To run the Flakify experiment using per-project validation on the two datasets, navigate to the src\
folder and run the following commands:
bash Flakify_predictor_per_project.sh FlakeFlagger
bash Flakify_predictor_per_project.sh IDoFT
This will generate the classification results into results/Flakify_per_project_results_on_FlakeFlagger_dataset.csv
and results/Flakify_per_project_results_on_IDoFT_dataset.csv
for the whole per-project validation experiments on both datasets.
This is the guideline for replicating the experiments we used to evaluate the two versions of FlakeFlagger, white-box and black-box, for classifying test cases as flaky and non-flaky using cross-validation on the FlakeFlagger dataset.

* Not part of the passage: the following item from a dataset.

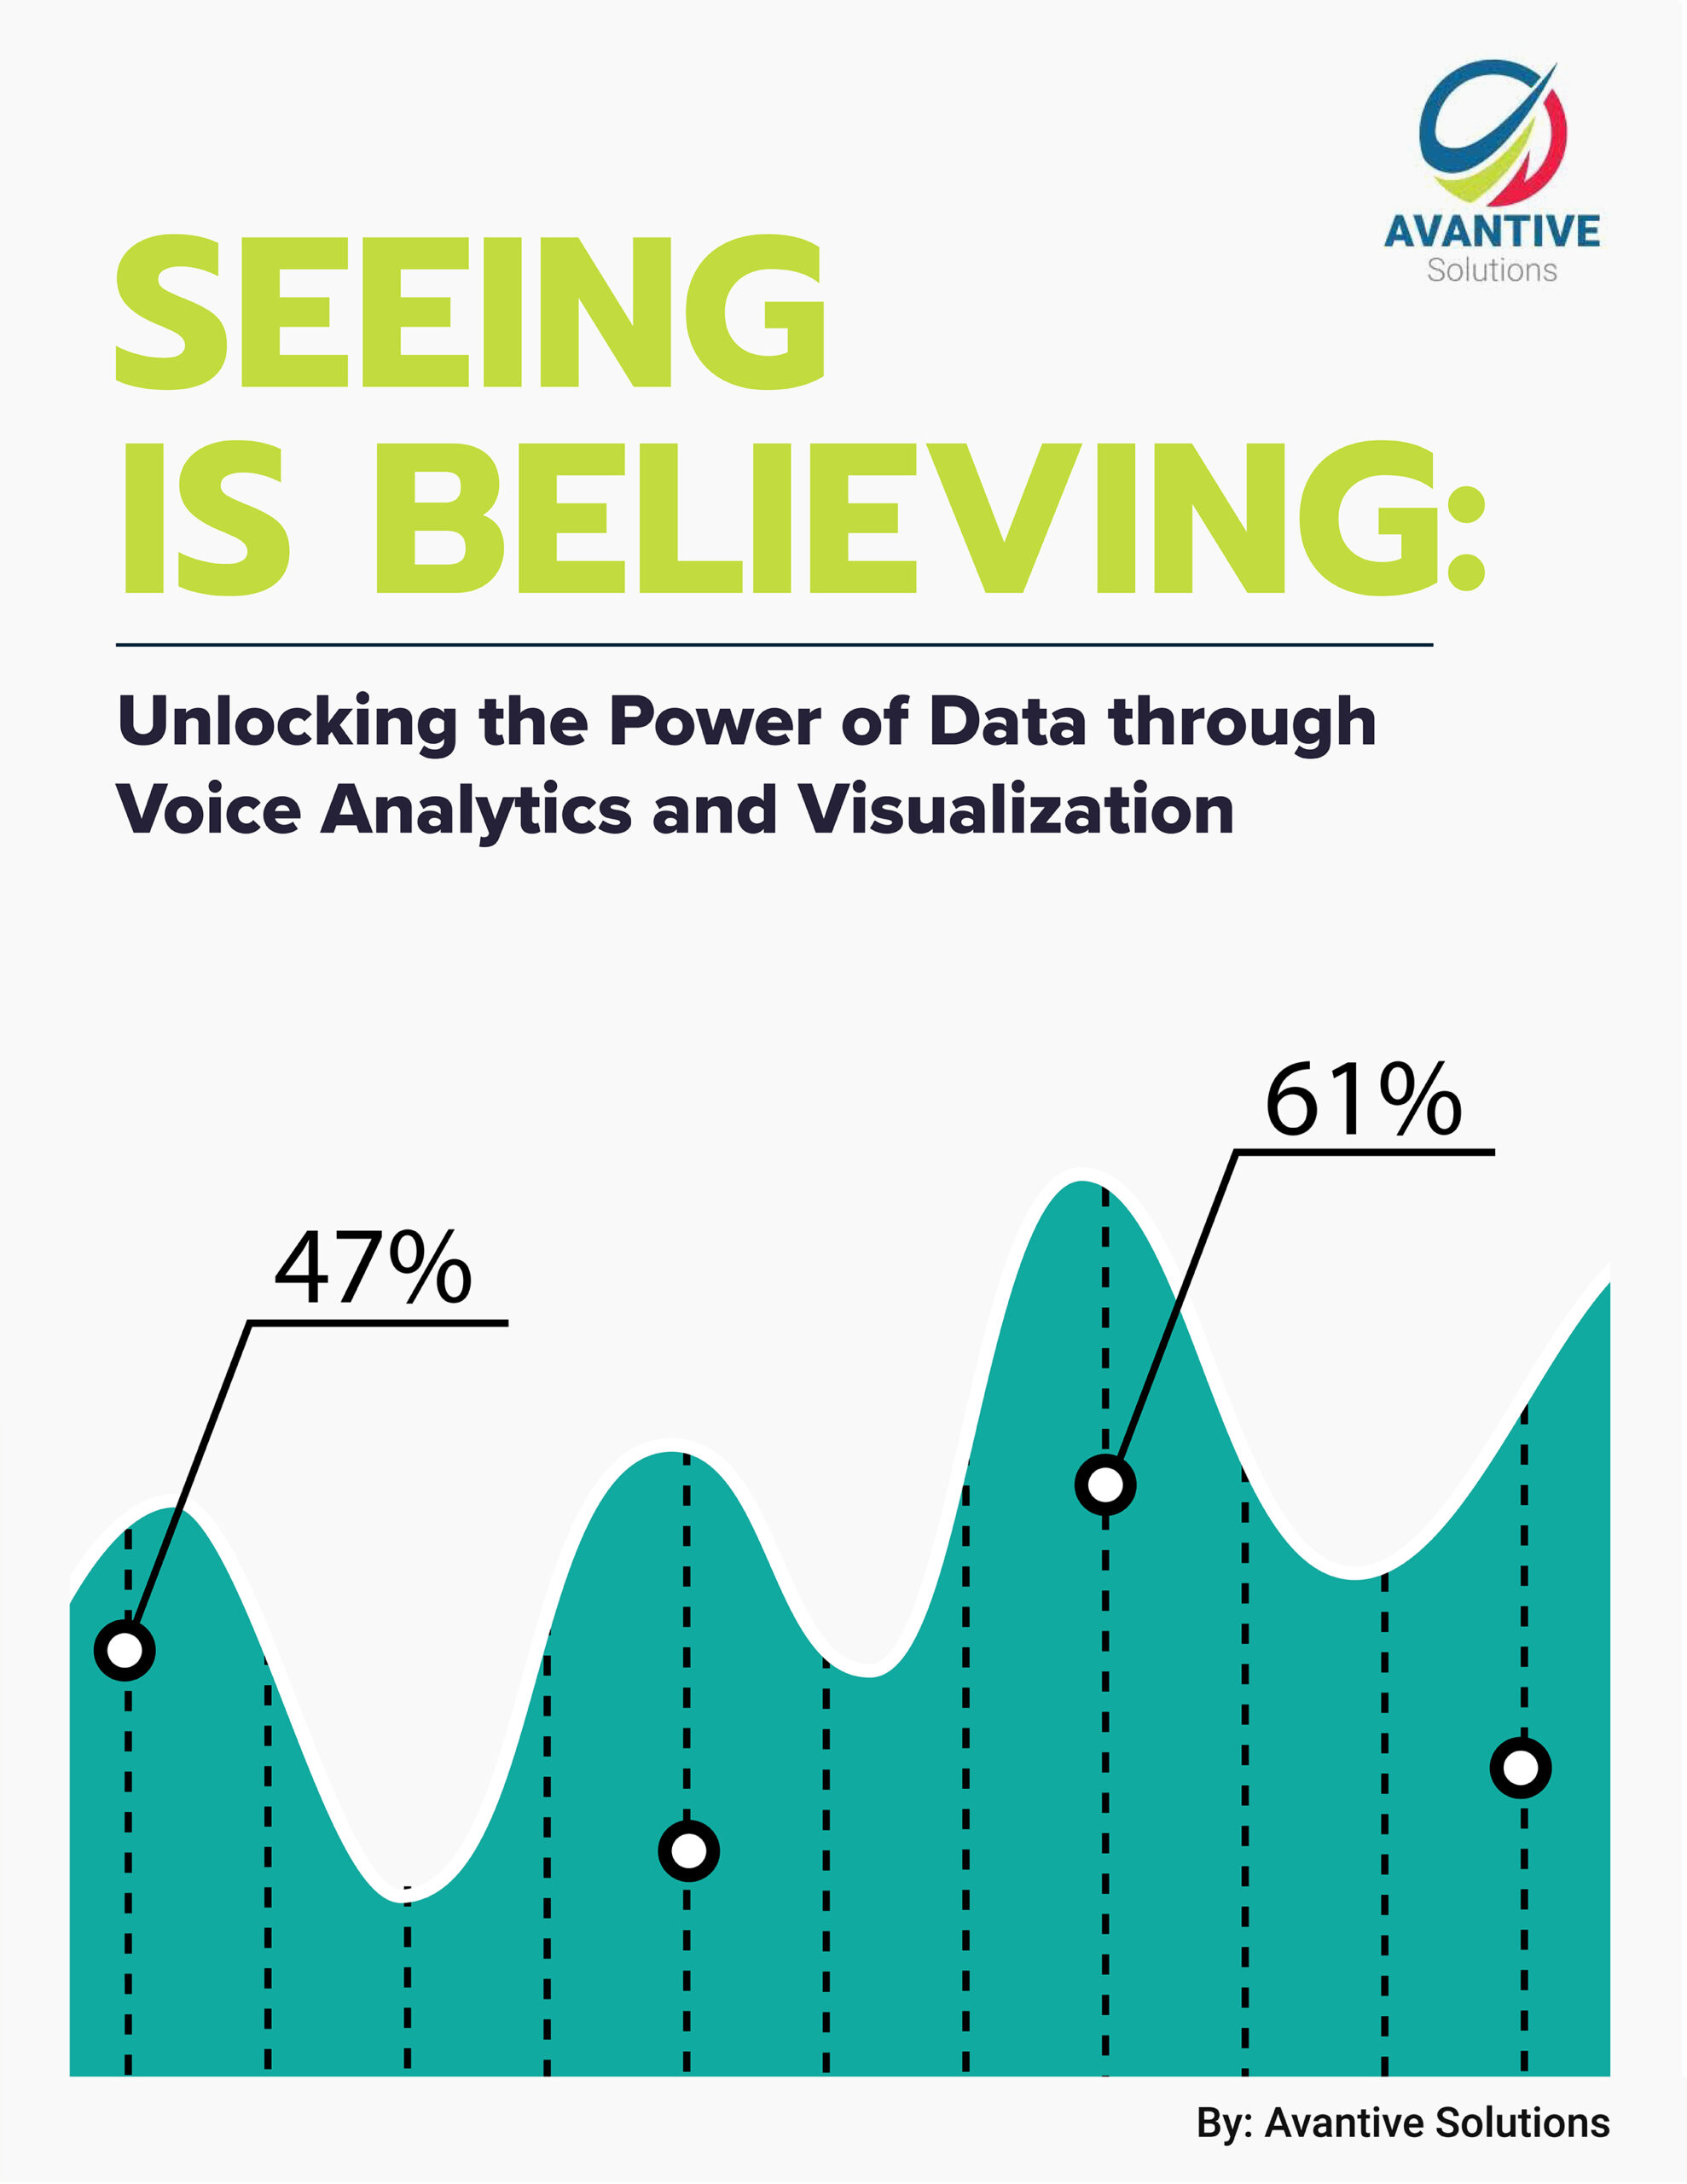 Seeing is Believing: Unlocking the Power of Data through Voice Analytics and Visualization

This is a list of all required python packages:
- python =3.8.5
- imbalanced_learn= 0.8.1
- pandas= 1.3.3
- scikit_learn= 0.22.1
This is a list of input files that are required to accomplish this step:
- dataset/FlakeFlagger/FlakeFlagger_filtered_dataset.csv
- dataset/FlakeFlagger/FlakeFlaggerFeaturesTypes.csv
- dataset/FlakeFlagger/Information_gain_per_feature.csv
- results/FlakeFlagger_black-box_results.csv
- results/FlakeFlagger_white-box_results.csv
To run the FlakeFlagger experiments, navigate to the src\
folder and run the following command:
bash FlakeFlagger_predictor.sh white-box
bash FlakeFlagger_predictor.sh black-box
This will generate the classification results into results/FlakeFlagger_white-box_results.csv
and results/FlakeFlagger_black-box_results.csv
for the both white-box and black-box experiments, respectively.